Likewise, the country has imported textile and clothing of Rs. 35.8 billion in nine months this year. Last year, the import size of such items was Rs. 56.02 billion. The country had earned the revenue of Rs. 18 billion from T&C imports. Government authorities said that a significant size of T&C items is under-invoiced.

Entrepreneurs and industrialists involved in textile, yarn and garment say that the increasing domestic consumption of 'made in Nepal' clothing is the best solution for the industries. Various studies conducted by the national and international agencies have concluded that Nepal's landlockedness and poor infrastructure has made the goods expensive by 15-27 per cent in the international markets. When countries like Bangladesh, India and Pakistan are using cutting-edge technology, sea transport, and enhanced the productivity of their workers, Nepal is lagging behind in such terms.

"The best way to promote domestic textile and clothing industry is to protect them by offering incentives on tax and utility, and imposing excise duty on imports," said Lohia. He said that the policy makers are yet to turn their attention to import substitution from export promotion. It will save the hard-earned foreign currency and reduce the unauthorised trade.
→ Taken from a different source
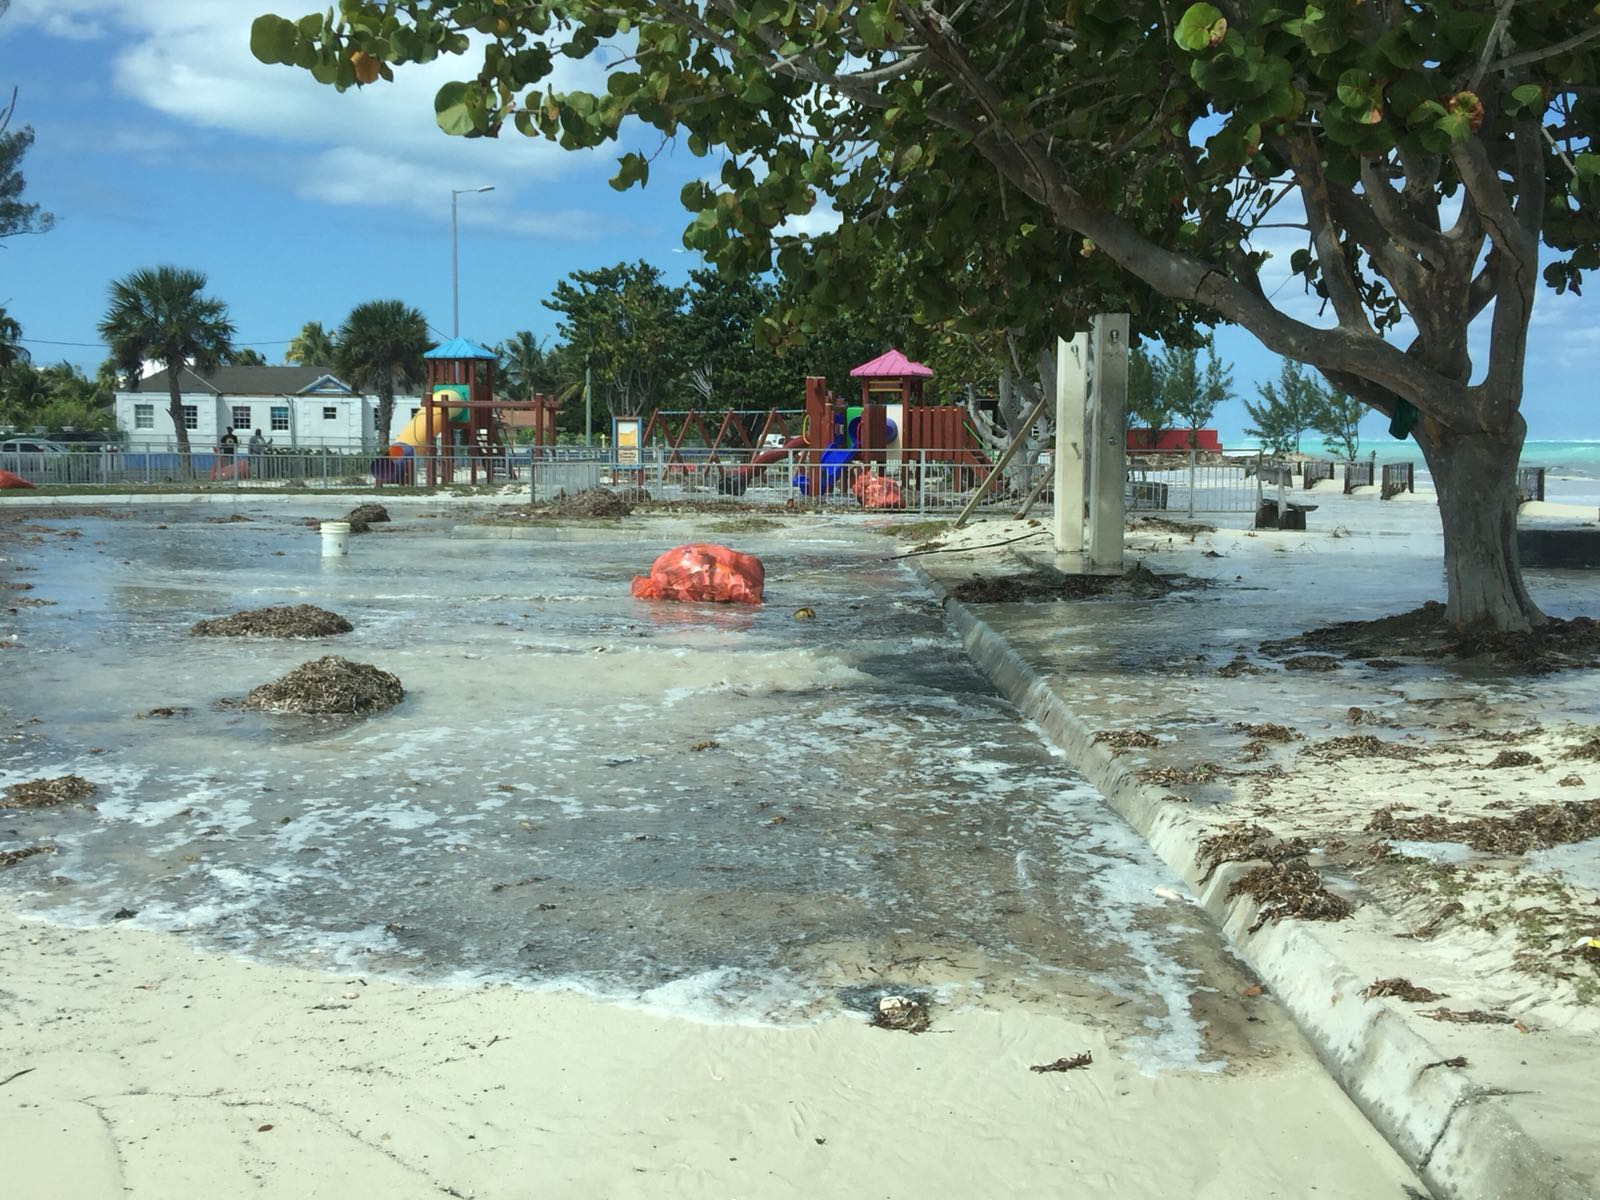 Severe weather impacts coastal roads

Secretary of the Ministry of Industry, Commerce and Supplies, Madhu Kumar Marasini, also stressed on the regulation of border to promote the domestic industry. "The government is providing concession on the duty of raw materials, and facilitating the export of T&C items. The MoICS will communicate with the MoF to further facilitate the supply of raw materials," he said.

The government is also providing training to the workers of the industry. But this is not sufficient, say the industrialists.

 


Developing value chain

Meanwhile, the incentives provided to the domestic textile industries will result in the reduced price of textile which will ultimately attract the garment industries to the Nepali raw materials. The growth of textile industry will make a positive impact on yarn manufacturers as well.

Nepal is exporting yarn of up to Rs. 10 billion primarily to Turkey, India and other countries. The massive export to Turkey is happening because the country is not importing Indian yarn, so the future is not assured. "Therefore, we need to develop a value chain inside the country. It will not only cushion the industrial sector but also create jobs and increase revenue," said Lohia. According to him, this integrated development could generate additional 500,000 jobs in the next few years.

Currently, there are about 250 textile industries of which 20 are large. About Rs. 20 billion is invested in those industries. They have employed 50,000 people in their factories. 

 Published in Friday Supplement of The Rising Nepal daily on 14 May 2023.